Llama3VisionProjectionHead¶
- class torchtune.models.llama3_2_vision.Llama3VisionProjectionHead(layers: Module, output: Module, num_hidden_inputs: int = 0)[source]¶
Projection transformer to adapt the output of a pretrained frozen encoder (CLIP) to a pretrained decoder model. For example, nn.Sequential(CLIP(), Llama3VisionProjectionHead()).
- Parameters:
layers (nn.Module) – Transformer Decoder layers
output (nn.Module) – Output linear layer. Input dim is (num_hidden + 1) * encoder_dim and output is decoder_dim.
num_hidden_inputs (int) – Number of expected hidden state inputs
- forward(x: Tensor, hidden_states: Optional[List[Tensor]] = None) Tensor [source]¶
- Parameters:
x (torch.Tensor) – input tensor with shape [b x i x t x e x d]
hidden_states (Optional[List[torch.Tensor]]) – list of hidden states from the encoder. Each hidden state has the same shape as x.
- Returns:
- output tensor of a sequence of embedings [b x s x d]
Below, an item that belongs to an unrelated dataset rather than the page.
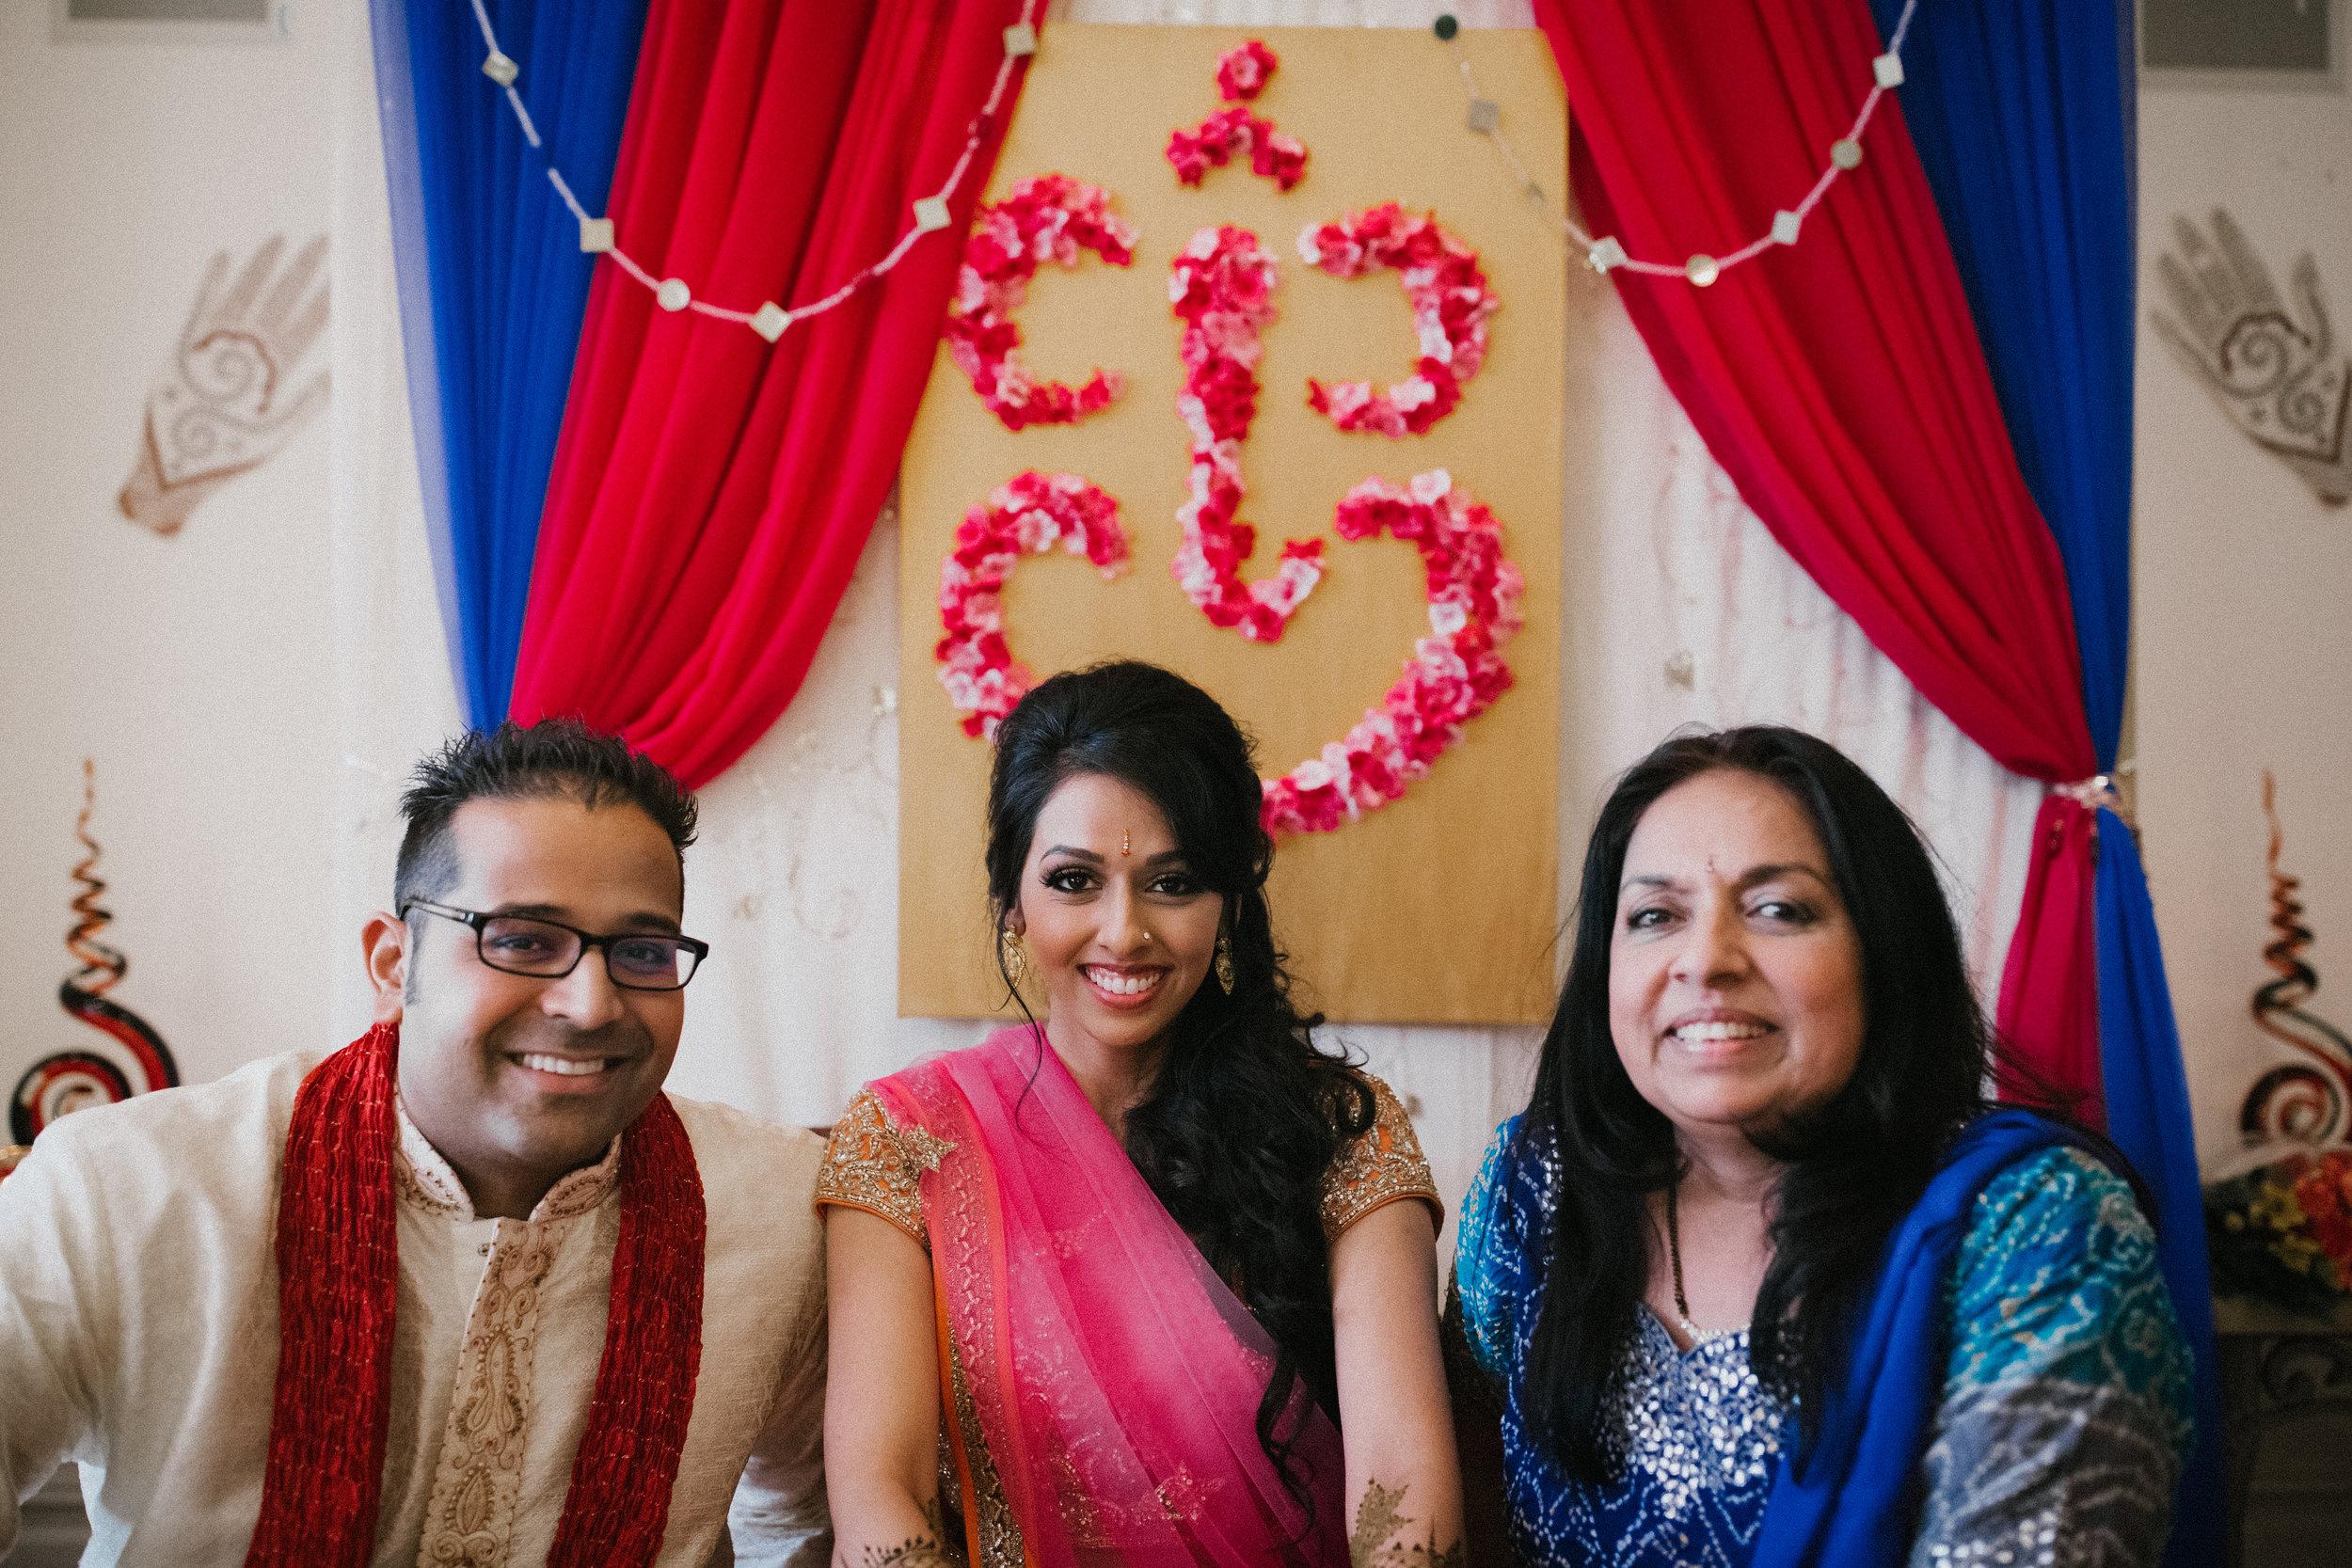 Aparna-Ankit-Patel-Mehndi-Wedding-Photos-0063.jpg

where sequence length is num_imgs*num_tiles+num_embeds
- Return type:
Tensor
- Notation used for tensor shapes:
b: batch size
i: number of images
t: number of tiles (where a single image is broken into multiple tiles)
e: number of embeds per tile (e.g. CLS embed + patch embeds, etc.)
s: sequence length computed by i*t*e
d: embed dim